The council awarded them $660,600.

It’s the first time that Yukon College, or any northern school, has received a grant from the council.

“It’s a pretty big milestone in terms of saying we’re going to start doing research in the North,” said Stewart.

For the next three years, Stewart and her research team will be studying the effects of biochar on contaminated soil they’ve taken from the land treatment facility at the airport.

Twenty-five bags will be filled with a mixture of biochar, fertilizer and soil.

They are studying three different kinds of biochar. Some of it is made from wood, some from bones and some from fishmeal.

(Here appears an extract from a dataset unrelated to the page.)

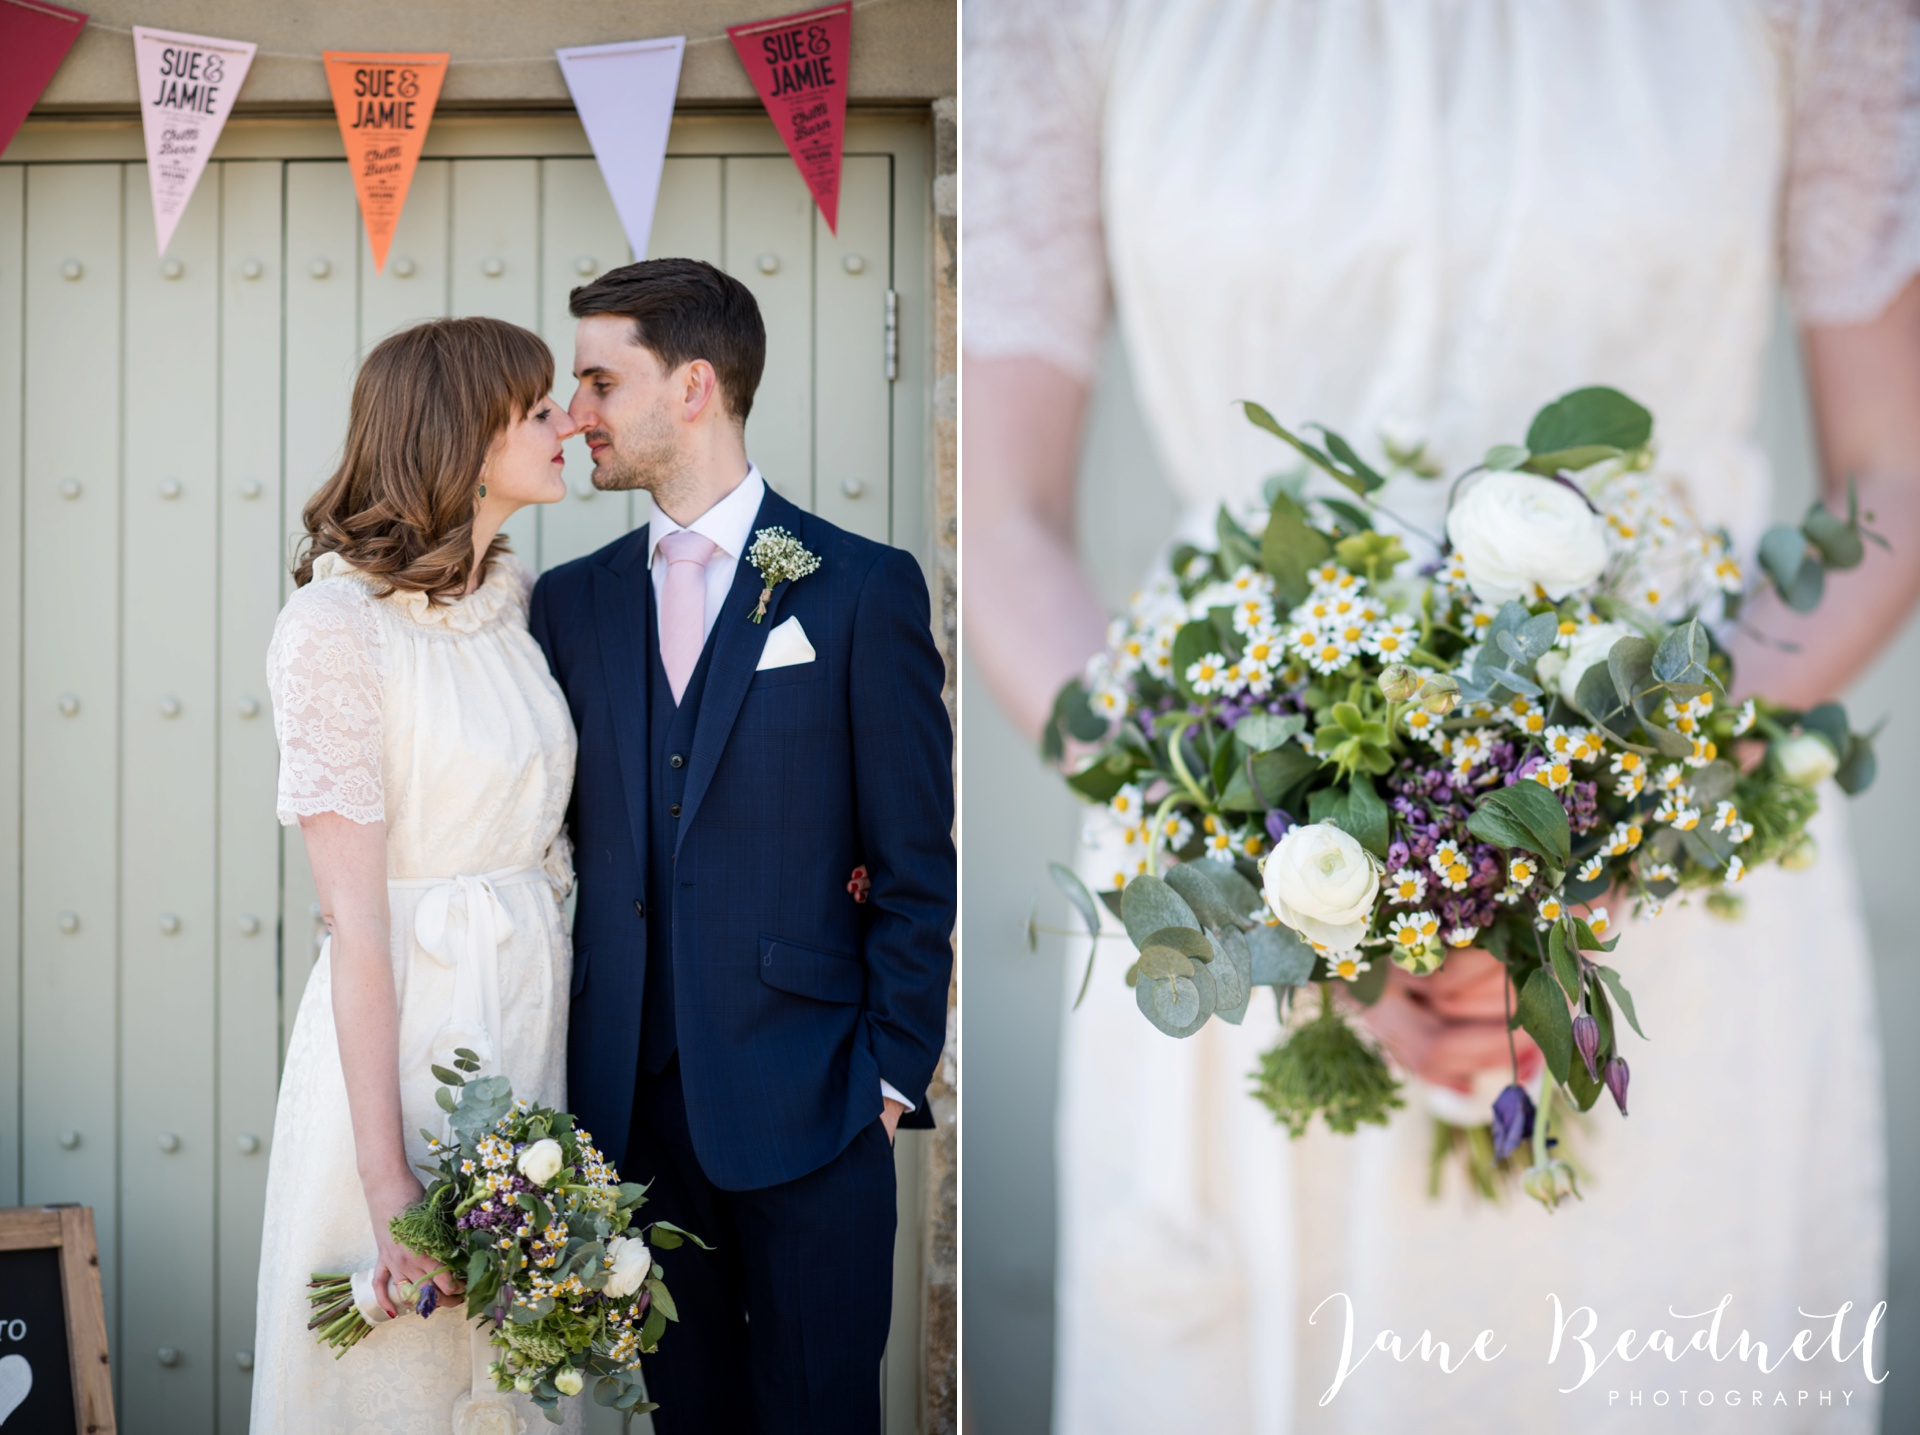 Jane Beadnell fine art wedding photographer The Cheerful Chilli Barn Otley_0036

At the same time, another set of researchers, in partnership with Nunatta Environmental, will be doing a parallel study in Iqaluit. At the University of Saskatchewan, with help from Federated Co-op., core samples taken from a contaminated site in Meadow Lake will be mixed with biochar and studied in the lab using the university’s synchrotron – a particle accelerator that can be used to examine matter on an elemental level.

All the biochar used in the Yukon portion of the project – with the exception of the one produced from fishmeal – is being produced locally, by Whitehorse-based Zakus Farms.

Owner Warren Zakus has been making biochar for more than a decade, although he used to just throw it away.

To demonstrate the dangers of syngas – the highly flammable hydrogen and carbon monoxide mixture that’s produced from pyrolysis – Zakus, then a training officer for the fire department, made a lot of it.

It was only five or six years ago that he found out that the stuff he was throwing out could be used in his garden.

He got a grant to build a biochar oven and partnered with Yukon College to investigate its use in agriculture.

“At one time I had four different projects going that all involved the college in one way,” said Zakus.

Those projects have yet to produce conclusive scientific results but he’s seen biochar make a difference in his own garden.

Unlike fertilizer, it doesn’t get used up, said Zakus. Once you apply it you don’t have to add it again.

“It just sits there like an artificial reef,” he said. “You stick it in and all the microorganisms move in because it’s there.”

The only problem for using it as an agricultural product is it’s expensive.

“You could buy some biochar, and get a little bit of a difference, or buy some manure or fertilizer and get a big difference,” said Zakus.

That makes it a tough sell to farmers, which is why he’s excited about the prospect of using it to clean up soil.

For this latest project, Zakus had to build a new biochar oven, his first one didn’t have the kind of quality control the project needed.

He already has plans to make a third, incorporating what he learned from the first two machines.

Helping spur local business is an added benefit to this project, said Stewart.
“The thing that’s really exciting about this project is that we’re building, not only capacity for doing science here at Yukon College, we’re also building capacity to develop biochar as a commercial product for the North,” she said.

“We’re examining how it works and helping ... to get the right formula for northern soils.”